§ **Activity**: Transcribe the data verbatim and drop its images.

§ **Data extract**:
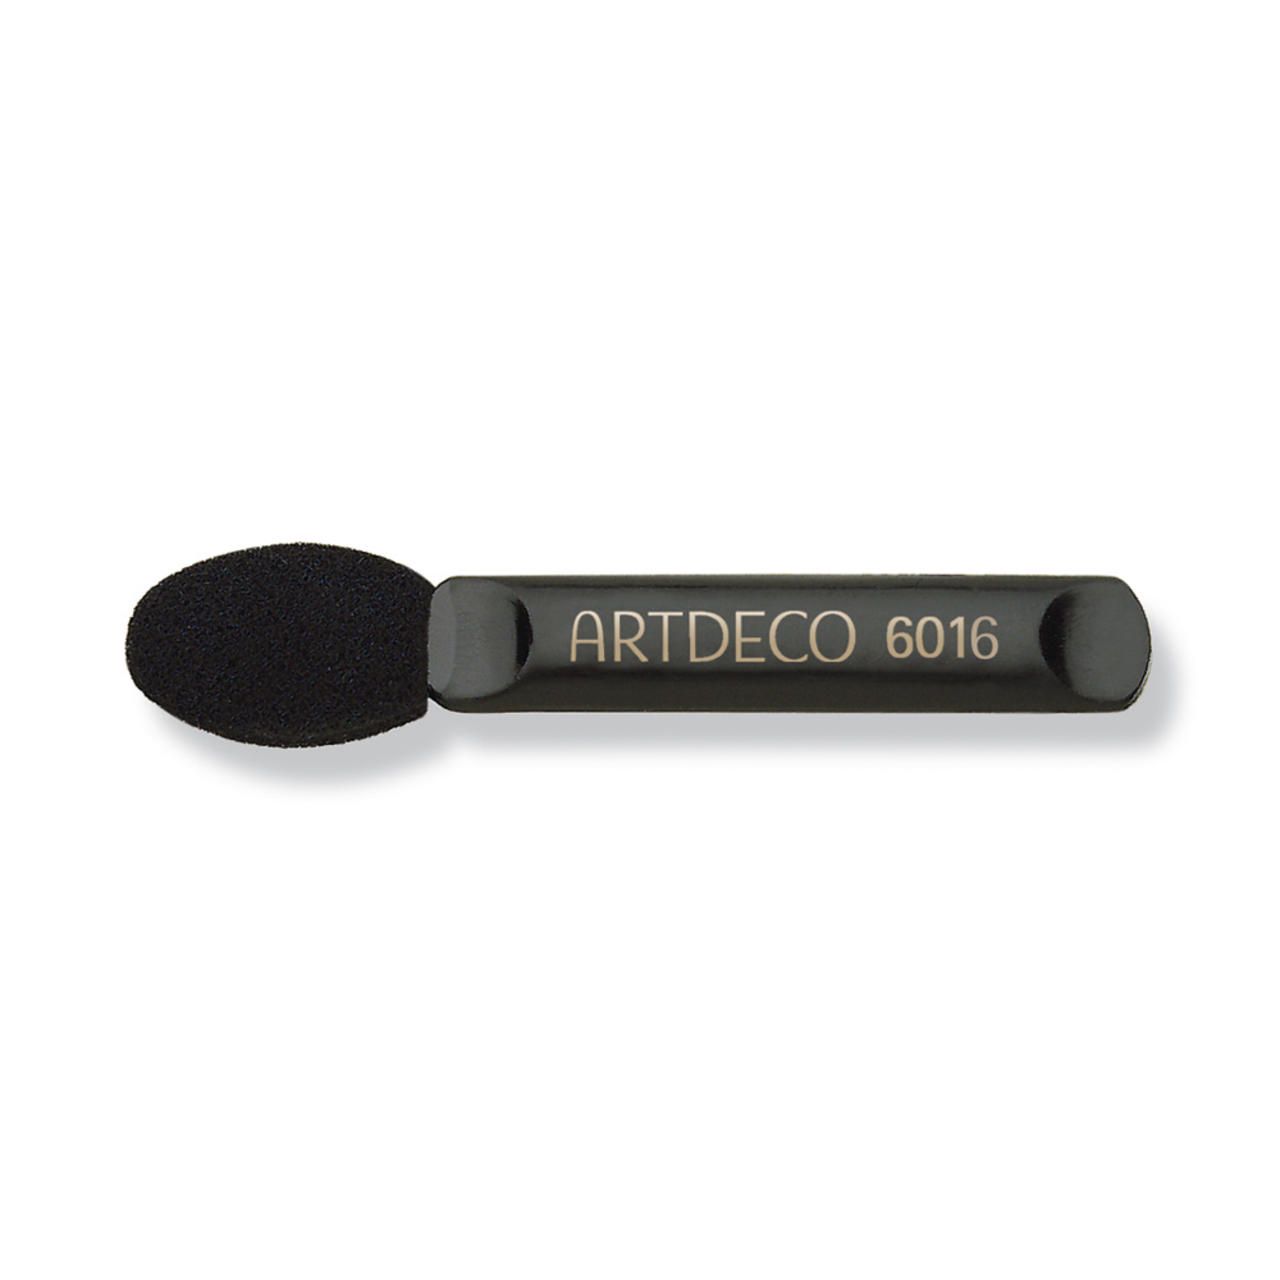 Artdeco, Rubicell-Applikator
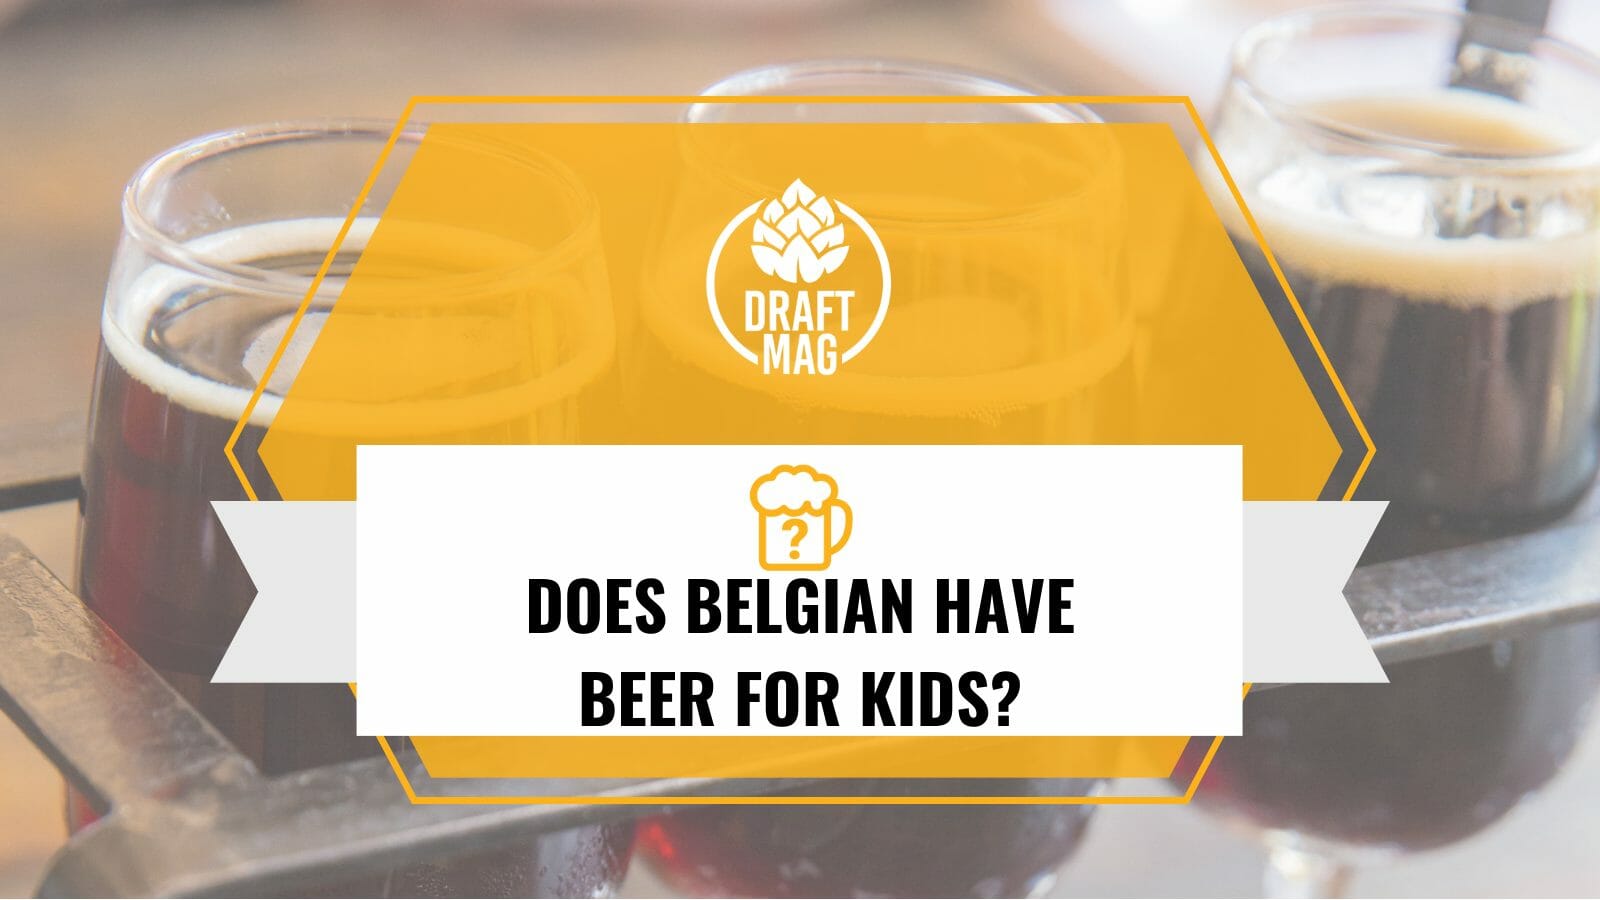 Belgian have beer for kids
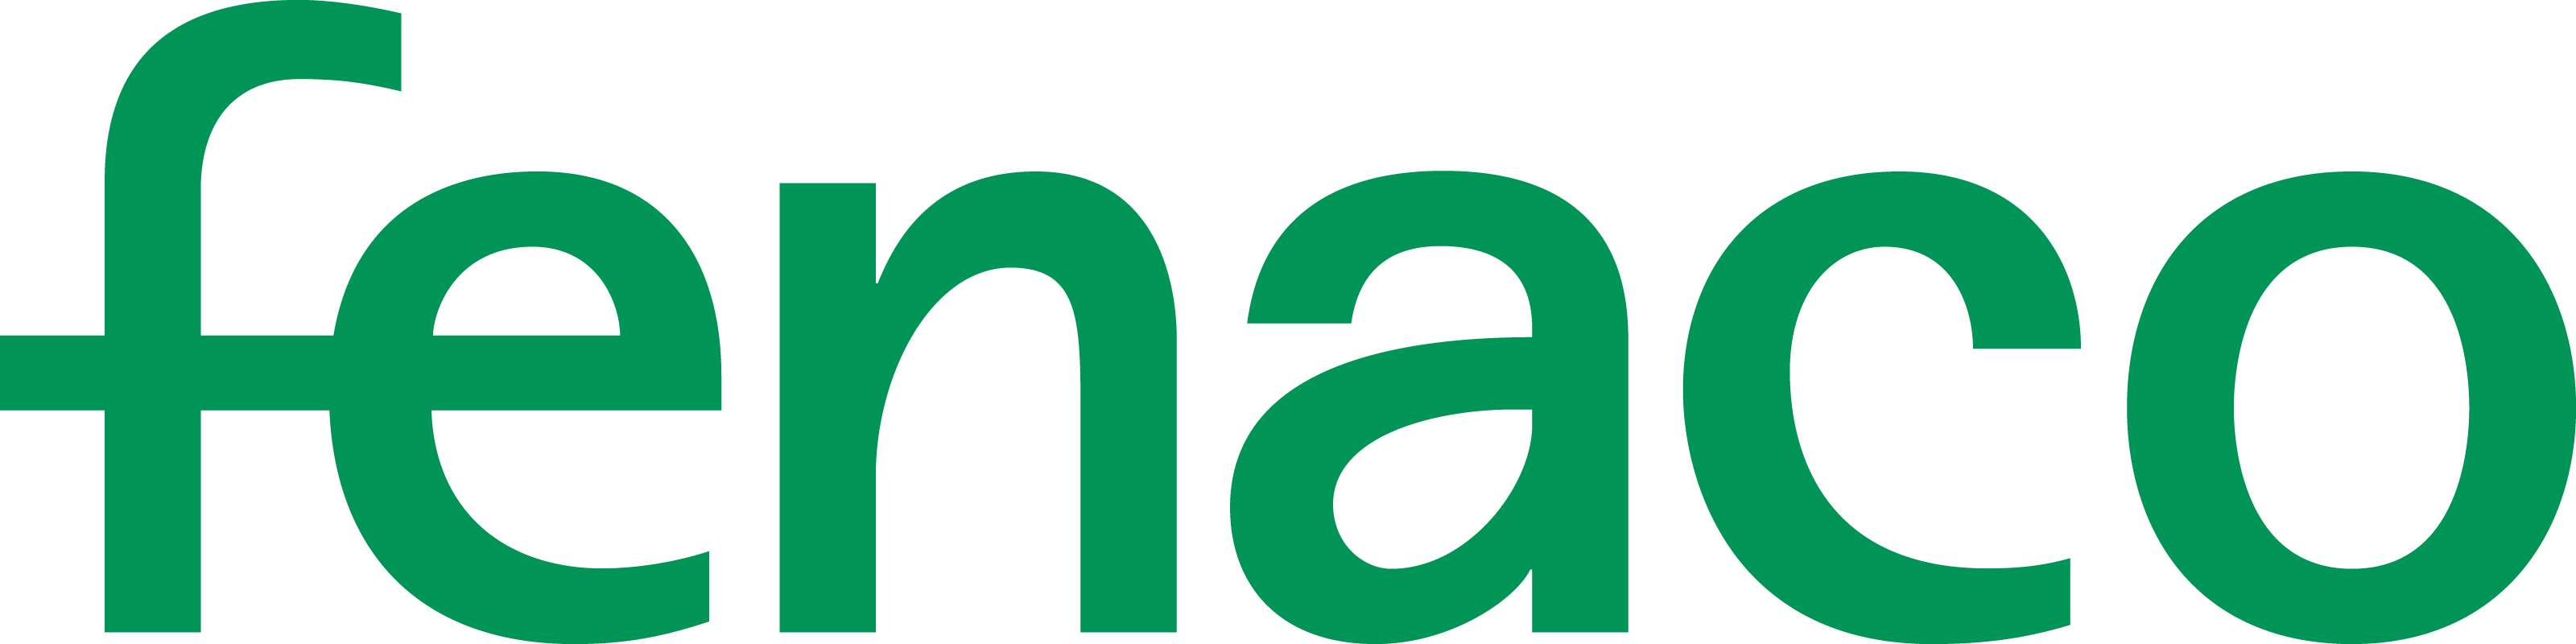 fenaco Logo Green RGB
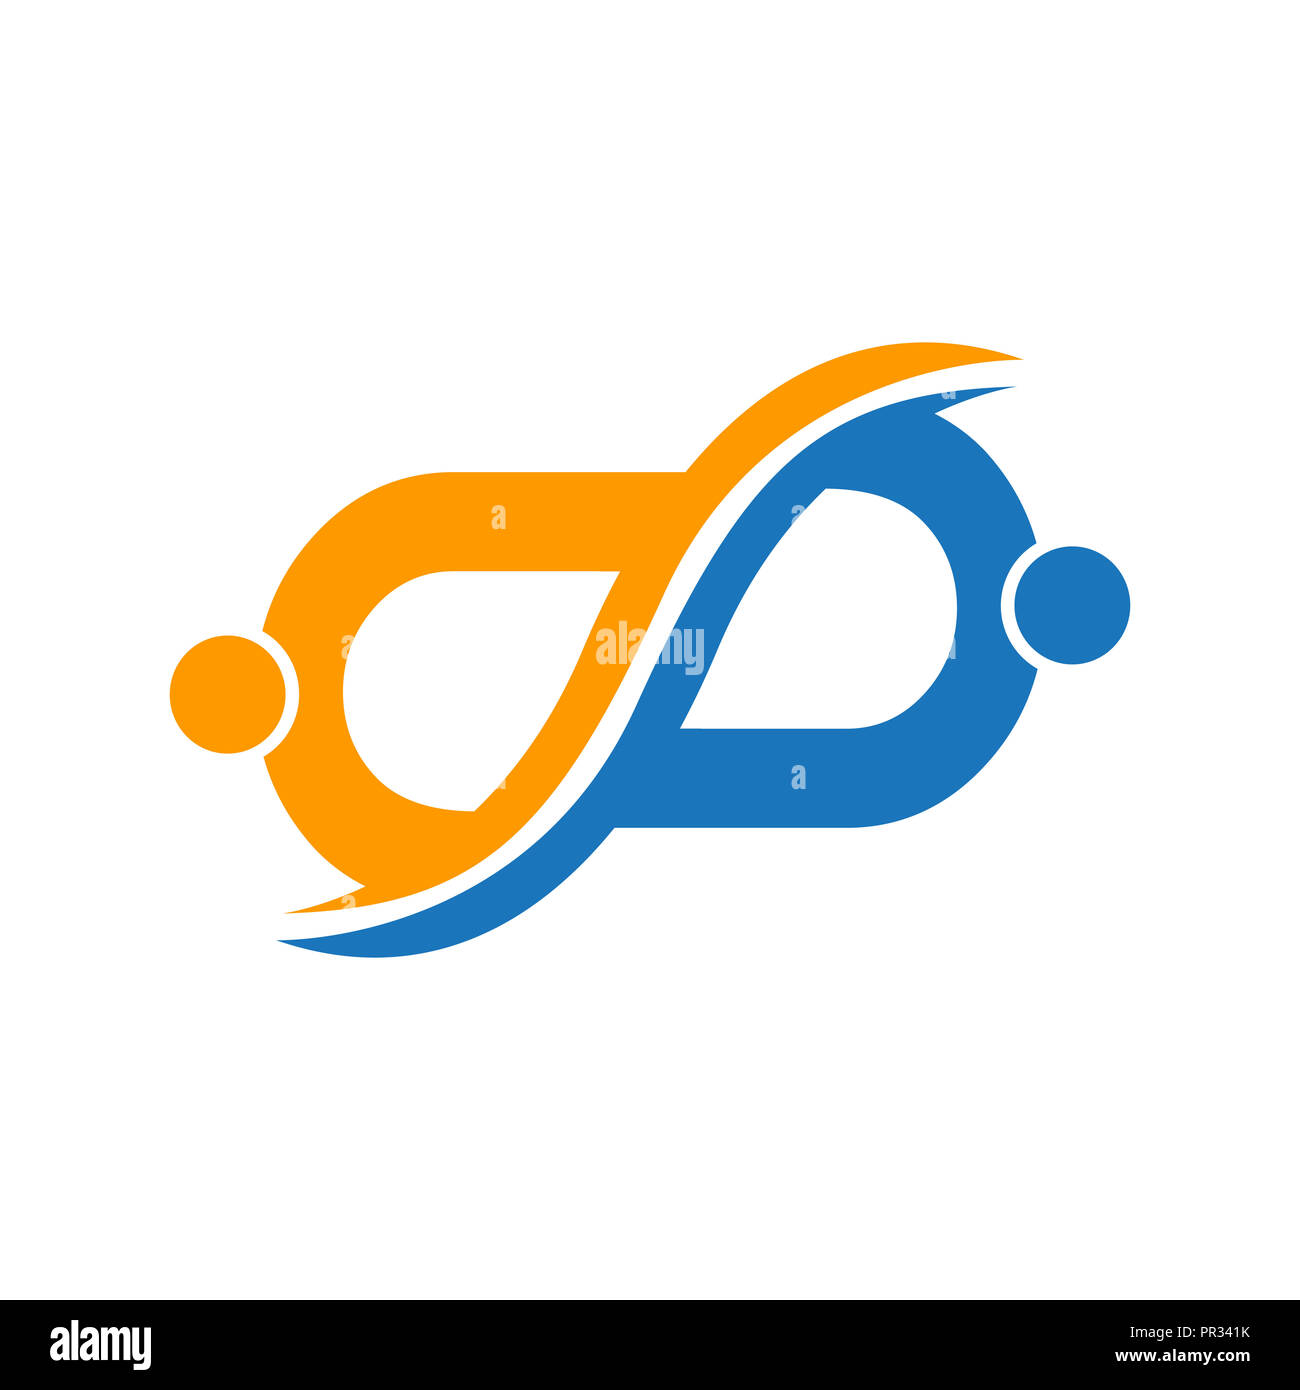 Gemeinschaft Familie Obacht Leute Logo. Vector Illustration Stockfoto

§ **Solved problem**:
 Artdeco, Rubicell-Applikator
 Belgian have beer for kids
 fenaco Logo Green RGB
 Gemeinschaft Familie Obacht Leute Logo. Vector Illustration Stockfoto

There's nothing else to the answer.